Another two-blow-molding-step process is disclosed in U.S. Pat. No. 4,836,971, issued to Denis et al and assigned to Sidel. In this process, the first blown article is heated in a large oven, separate from the first mold. The process starts with a pre-made preform which first has its neck heated to crystallize it, and then the neck is cooled. The preform is then heated, using infrared heaters, to an appropriate temperature between 100.degree. to 120.degree. C. for 10 to 80 seconds while being rotated, and then subjected to blow-molding in a cold first mold, i.e., 5.degree. to 40.degree. C., which does not provide any appreciable stress relaxation. The first mold cavity is larger than the final desired container, such that the first blow-molded article is larger than the final container. This oversized article is then heated in the oven at 180.degree. to 220.degree. C. for 1 to 15 minutes and allowed to freely shrink. The crystalline neck is needed to withstand the heat of the oven so that the neck does not deform. The article shrinks to a size smaller than the final desired container and experiences uneven shrinkage such that it typically has a chili-pepper-like shape. The shrunken article is then placed in a final mold and blown to form the final container.
This method often results in a final container having a crystalline haze and an opaque white crystalline base, both of which are undesirable. This haze occurs due to the unrestrained free shrinkage of the article which allows the development of zones of crystallinity on a macro-scale. That is, such zones of crystallinity exceed the wavelength of light in a size, and this causes the milky crystalline haze. Moreover, because shrinkage is unrestrained, there are areas of weakness created in the shrunken article such that, upon reblowing, there can be pinholes or weakened areas in the final container causing it to be rejected. In addition, the center of the bottom of the article can wander, causing the final container to be lopsided. Further, the distribution of wall thickness is nonuniform.

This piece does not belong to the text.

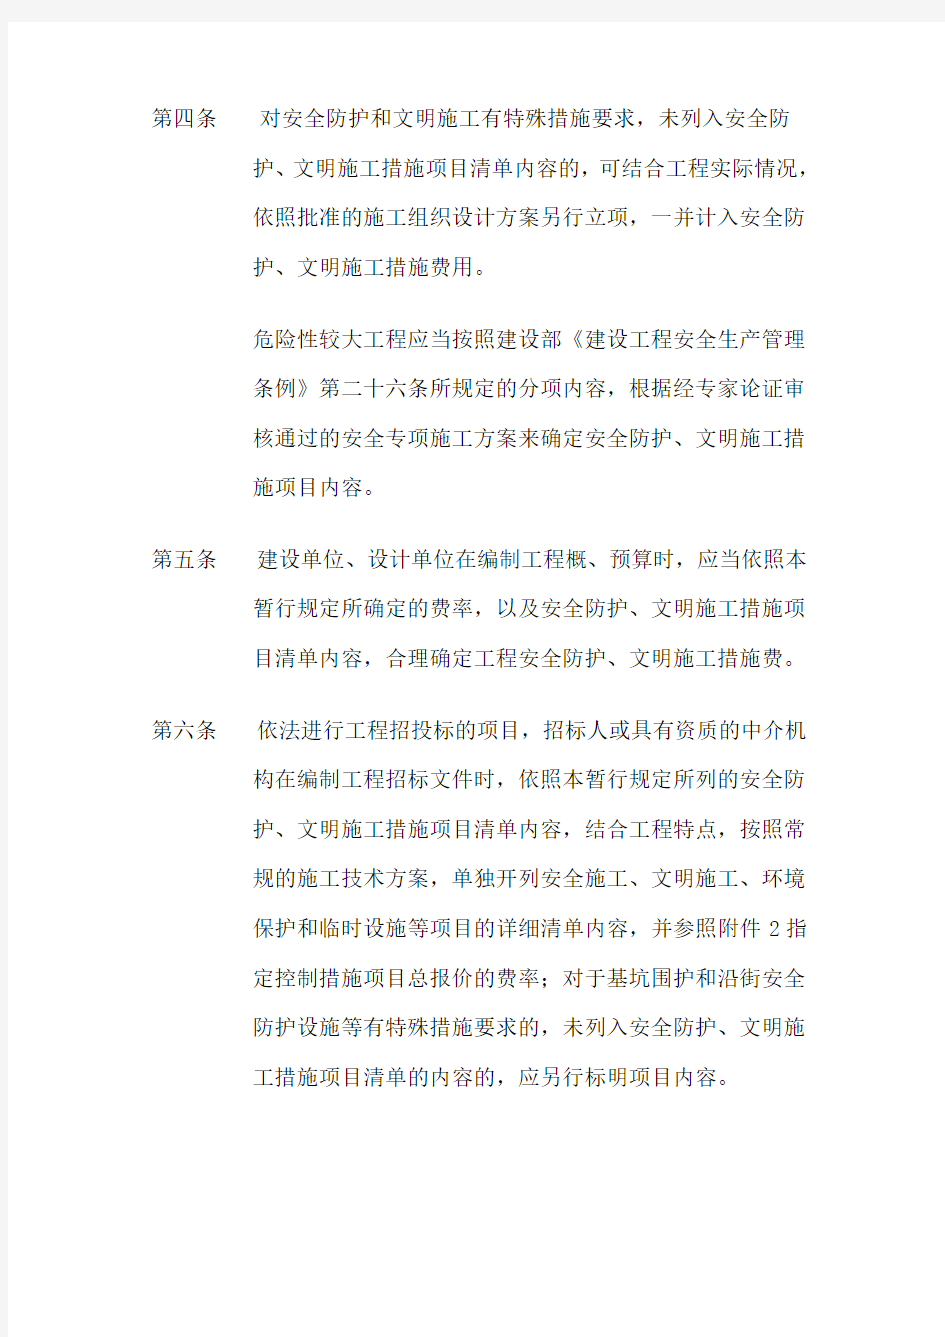 上海市建设工程安全防护文明施工措施费用管理暂行规定

It is also necessary in this Denis et al method for a separate machine to make preforms from the first blow-molding machine. In addition, because the preforms are pre-made, there must be equipment to heat them to an appropriate temperature for stretching in the first blow mold.
In addition to the heat of hot-filling causing shrinkage and a reduction in container sidewall stiffness, there is also an internal vacuum created in the container as the hot-filled liquid cools. Therefore, buckling of the container can occur, especially if the sidewalls have weakened areas.
Accordingly, there is a need for a process to make a plastic, e.g., PET, container that is stable, even under classic hot-filling conditions, e.g., above 185.degree. F., and especially 190.degree. to 203.degree. F. and above, and sparkling glass-like containers.